[Directions for this task]:
Hunt through the lines below for the string "pour" and copy each one that has it.

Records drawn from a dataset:
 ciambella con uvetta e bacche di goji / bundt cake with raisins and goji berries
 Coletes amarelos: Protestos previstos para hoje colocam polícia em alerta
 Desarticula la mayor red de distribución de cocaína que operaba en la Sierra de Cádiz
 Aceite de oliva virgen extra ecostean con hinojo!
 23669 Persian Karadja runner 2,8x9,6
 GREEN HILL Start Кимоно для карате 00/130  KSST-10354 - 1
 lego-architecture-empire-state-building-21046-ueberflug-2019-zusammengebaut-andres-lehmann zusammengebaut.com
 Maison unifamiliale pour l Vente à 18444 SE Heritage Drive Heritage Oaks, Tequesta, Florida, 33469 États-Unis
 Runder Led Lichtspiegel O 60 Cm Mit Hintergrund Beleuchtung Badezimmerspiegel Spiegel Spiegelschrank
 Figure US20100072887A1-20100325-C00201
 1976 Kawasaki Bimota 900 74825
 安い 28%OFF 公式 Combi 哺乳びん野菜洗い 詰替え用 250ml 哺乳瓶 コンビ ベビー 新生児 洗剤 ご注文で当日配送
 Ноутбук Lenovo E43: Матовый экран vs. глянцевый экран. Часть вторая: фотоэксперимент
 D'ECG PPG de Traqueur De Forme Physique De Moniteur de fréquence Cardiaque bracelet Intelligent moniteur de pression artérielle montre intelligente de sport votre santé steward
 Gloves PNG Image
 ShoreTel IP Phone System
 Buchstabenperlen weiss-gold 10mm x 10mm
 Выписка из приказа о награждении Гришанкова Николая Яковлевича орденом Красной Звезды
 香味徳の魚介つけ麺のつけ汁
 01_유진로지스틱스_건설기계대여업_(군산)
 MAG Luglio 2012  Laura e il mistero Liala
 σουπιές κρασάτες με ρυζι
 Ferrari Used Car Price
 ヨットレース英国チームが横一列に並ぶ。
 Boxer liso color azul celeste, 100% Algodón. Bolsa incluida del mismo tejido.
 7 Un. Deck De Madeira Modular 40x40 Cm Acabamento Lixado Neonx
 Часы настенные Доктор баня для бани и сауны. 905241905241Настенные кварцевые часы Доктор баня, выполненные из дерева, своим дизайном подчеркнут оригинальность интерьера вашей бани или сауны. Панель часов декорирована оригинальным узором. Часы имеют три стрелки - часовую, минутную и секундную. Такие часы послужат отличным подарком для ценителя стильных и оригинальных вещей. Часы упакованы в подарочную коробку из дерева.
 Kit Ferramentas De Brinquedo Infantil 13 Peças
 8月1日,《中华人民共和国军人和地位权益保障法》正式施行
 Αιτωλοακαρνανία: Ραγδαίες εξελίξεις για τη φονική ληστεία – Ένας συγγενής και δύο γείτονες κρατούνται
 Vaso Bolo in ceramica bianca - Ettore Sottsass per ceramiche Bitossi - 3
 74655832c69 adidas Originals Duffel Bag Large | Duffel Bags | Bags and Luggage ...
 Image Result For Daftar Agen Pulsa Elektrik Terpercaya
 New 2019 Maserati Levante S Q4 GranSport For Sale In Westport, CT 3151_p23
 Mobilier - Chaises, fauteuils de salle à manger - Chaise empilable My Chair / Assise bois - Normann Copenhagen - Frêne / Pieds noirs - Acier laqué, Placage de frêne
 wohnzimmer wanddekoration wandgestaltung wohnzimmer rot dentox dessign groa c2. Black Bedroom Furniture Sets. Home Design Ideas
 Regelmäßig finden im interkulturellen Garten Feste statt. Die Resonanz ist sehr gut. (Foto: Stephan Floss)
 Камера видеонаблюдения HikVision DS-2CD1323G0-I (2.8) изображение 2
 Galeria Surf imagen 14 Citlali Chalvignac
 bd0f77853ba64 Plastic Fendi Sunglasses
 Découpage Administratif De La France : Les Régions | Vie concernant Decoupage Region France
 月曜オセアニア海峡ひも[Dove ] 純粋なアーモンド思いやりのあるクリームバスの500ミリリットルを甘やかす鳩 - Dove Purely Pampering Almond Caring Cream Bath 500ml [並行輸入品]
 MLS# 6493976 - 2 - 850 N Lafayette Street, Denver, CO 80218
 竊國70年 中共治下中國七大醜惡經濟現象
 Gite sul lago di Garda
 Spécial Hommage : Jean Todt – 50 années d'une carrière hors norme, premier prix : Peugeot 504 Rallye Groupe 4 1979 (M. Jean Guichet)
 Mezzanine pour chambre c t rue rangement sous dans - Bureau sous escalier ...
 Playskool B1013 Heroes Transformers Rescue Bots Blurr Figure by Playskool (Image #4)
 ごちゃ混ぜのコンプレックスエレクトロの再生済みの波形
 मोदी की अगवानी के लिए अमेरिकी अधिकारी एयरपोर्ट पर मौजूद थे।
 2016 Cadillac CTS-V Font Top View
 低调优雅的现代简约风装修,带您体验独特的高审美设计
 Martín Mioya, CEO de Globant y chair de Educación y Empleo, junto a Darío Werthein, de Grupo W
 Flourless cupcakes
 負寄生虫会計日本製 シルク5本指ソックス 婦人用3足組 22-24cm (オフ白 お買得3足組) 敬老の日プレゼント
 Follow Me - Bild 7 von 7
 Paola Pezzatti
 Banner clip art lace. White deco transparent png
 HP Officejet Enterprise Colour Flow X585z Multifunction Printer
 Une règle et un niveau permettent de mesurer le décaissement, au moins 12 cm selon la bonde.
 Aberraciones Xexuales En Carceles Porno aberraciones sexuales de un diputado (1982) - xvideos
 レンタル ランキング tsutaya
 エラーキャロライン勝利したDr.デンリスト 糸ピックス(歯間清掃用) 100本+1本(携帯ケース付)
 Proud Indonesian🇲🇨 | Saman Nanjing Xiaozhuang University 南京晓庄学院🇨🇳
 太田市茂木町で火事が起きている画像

[Solution for this problem]:
 Maison unifamiliale pour l Vente à 18444 SE Heritage Drive Heritage Oaks, Tequesta, Florida, 33469 États-Unis
 Mezzanine pour chambre c t rue rangement sous dans - Bureau sous escalier ...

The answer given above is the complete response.